Monday, Apr. 30, 1973
"We Must Have Liberty'
Kalkilya is a Moslem community of 10,000 on the West Bank of the Jordan River, 13 miles northeast of Tel Aviv. During the Six-Day War, Israeli soldiers overran Kalkilya, destroying half the town and uprooting many of its lush, productive citrus groves. With help from Israel's government, the town has since been largely rebuilt, but it remains under what its inhabitants regard as enemy rule. TIME Jerusalem Bureau Chief William Marmon recently visited Kalkilya and sent this report:
FEW scars now remain in Kalkilya of that blistering June day in 1967 when Israel almost wiped it off the map. The old frontier is a rusting jumble of barbed wire and garbage, and the village has the same sleepy, slightly disheveled air that it had before. Men wearing the keffiyeh, the traditional black and white checkered headdress, sit around in circles drinking muddy Turkish coffee and playing shesh-besh (backgammon). The muezzin of the large Moslem mosque snoozes on a straw mat, waking periodically to give the wailing call to prayer.
Nonetheless, Kalkilya's residents have undergone profound social, economic and psychological changes since 1967. Although Israeli rule has been relatively unobtrusive, the grenade-proof headquarters of the military governor and his platoon of soldiers serves as an irritating reminder that Kalkilyans do not control their own destiny.
Still, the situation is not all bad. Kalkilya's economic links with Israel have brought the community a degree of prosperity that it has never known before. Early each morning, several thousand men assemble near the marketplace and pile on to scores of buses and trucks that take them to work in Israel. There they earn up to $17 a day in construction work and other manual-labor jobs--four or five times what they used to make in the citrus groves. So prized are the skilled Arab hands that some Jewish foremen in the nearby Israeli town of Kfar Saba pick them up in taxis to take them to work.
Later in the morning there is a surge of traffic in the other direction as shoppers from Kfar Saba and other Israeli towns pour into the Kalkilya market to buy vegetables, fruit and textiles, which cost 20% less than comparable items in Israel. One Arab merchant, when asked if he had been able to make any Israeli friends, smiled and said: "Oh yes, I have many Israeli friends. They come and buy in my shops every week."
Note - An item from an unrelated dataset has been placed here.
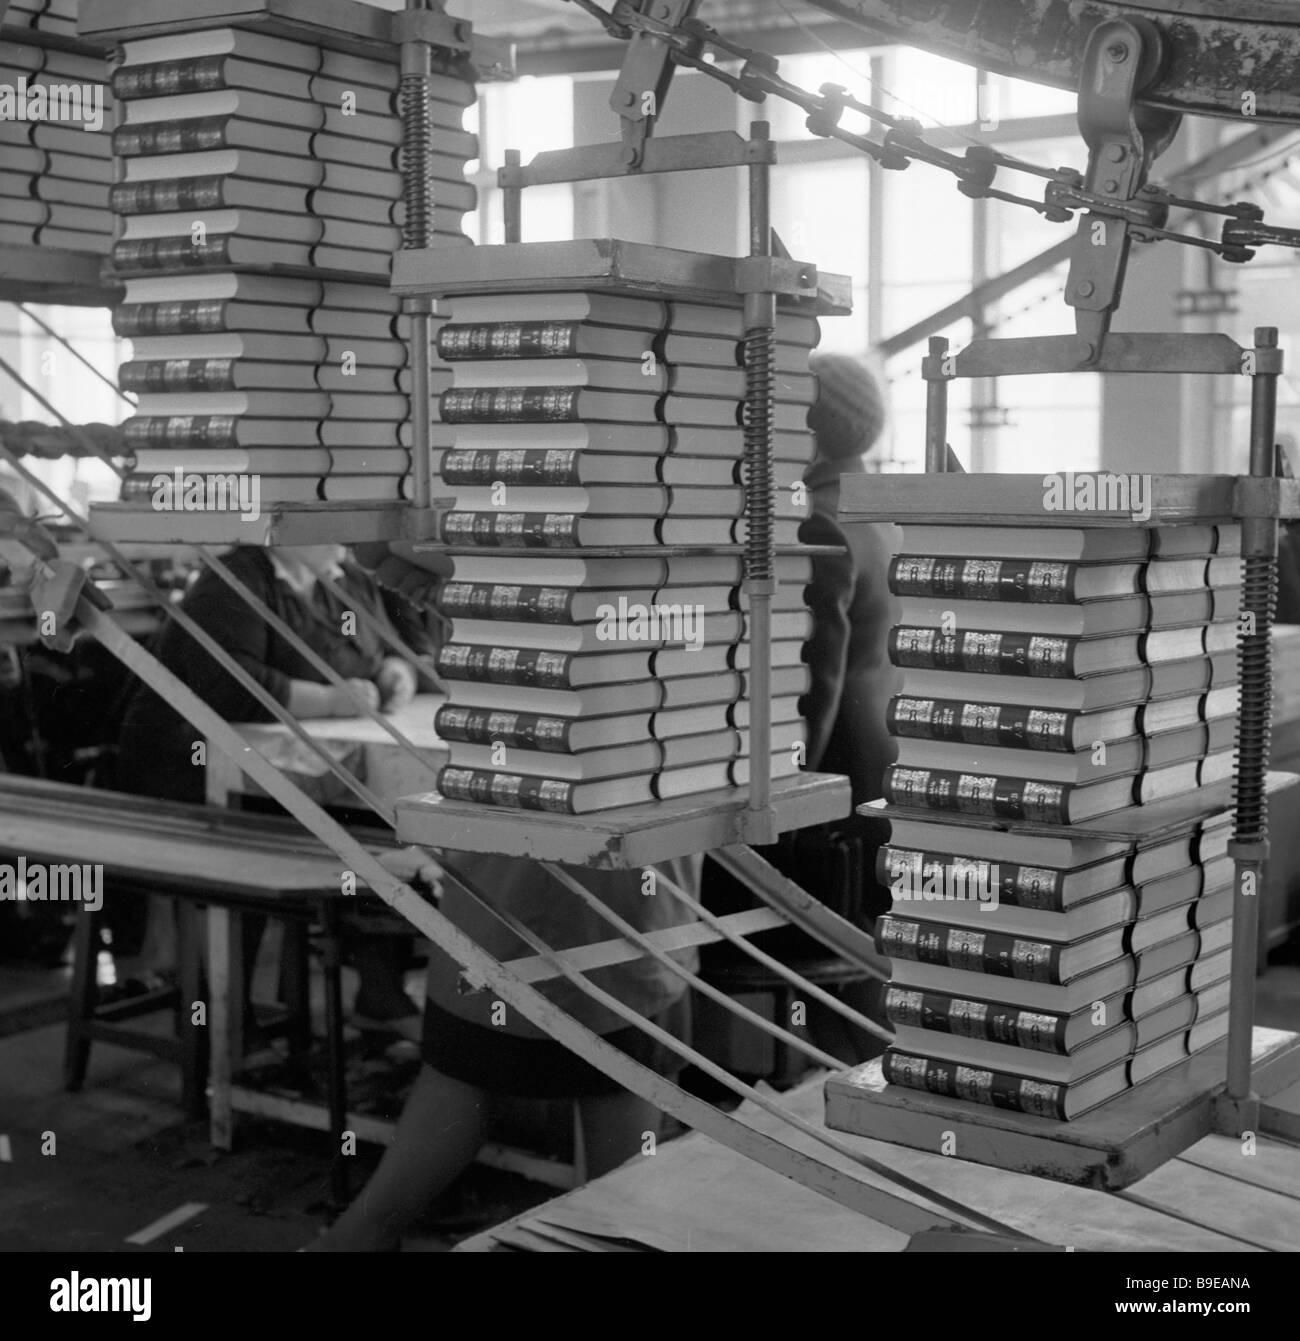 Primo volume della nuova edizione della lingua russa thesaurus presso il negozio di stampa Immagini Stock

All this has resulted in a vastly improved standard of living for the people of Kalkilya. The town was tied into Israel's electricity grid last year after Kalkilya's old generators broke down and there was no way to get new ones from Jordan. And laborers can now afford such luxuries as television sets and gas stoves. About the only ones who have not profited are the citrus growers, who complain that they are unable to compete with Israeli industries in the high wage market. "If we speak sharply to the workers," complains Mustafa Hussein Nazzal, Kalkilya's Arab mayor and a prominent orchard owner, "they quit and find jobs in Israel."
Sentiment in Kalkilya is overwhelmingly in favor of a return to Arab rule, though some people worry that Israel's economic lures may dampen the desire in time. Says one prominent Kalkilyan: "I hope those Palestinians who go to work in Israel every day remember who they are." For the moment there seems little question of that. As one landowner puts it: "Yes, more people have work now, and the economic life is better. But economic life is not the aim of man. We must have liberty."
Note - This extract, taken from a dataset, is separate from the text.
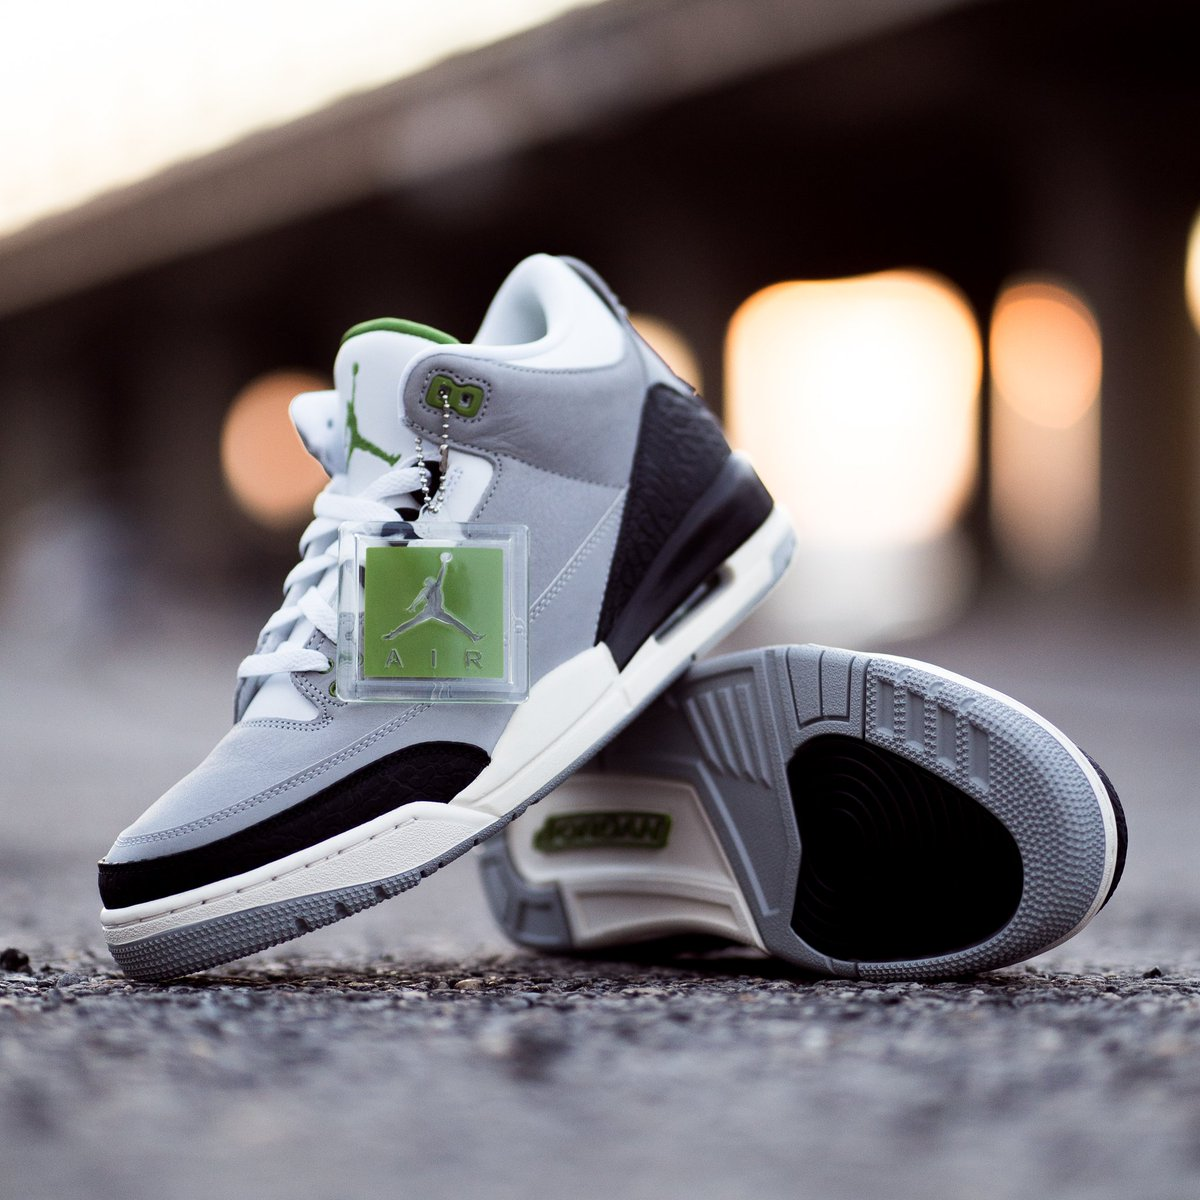 9f4fa06f9651a9 GB S Sneaker Shop on Twitter

Over in Kfar Saba the Israelis sense that discontent without quite knowing how to dispel it. Says Avraham Druyan, 71, a Palestinian-born Jew who speaks Arabic as well as he does Hebrew: "I have been feasted in Kalkilya and I have almost been murdered in Kalkilya. They can be our best friends and they can hate us. I know how they feel. They have never been better off--except for one thing. They live under a Jewish government. There can be no alternative to that. We Israelis must do the governing. But in my heart I am not happy about the problem."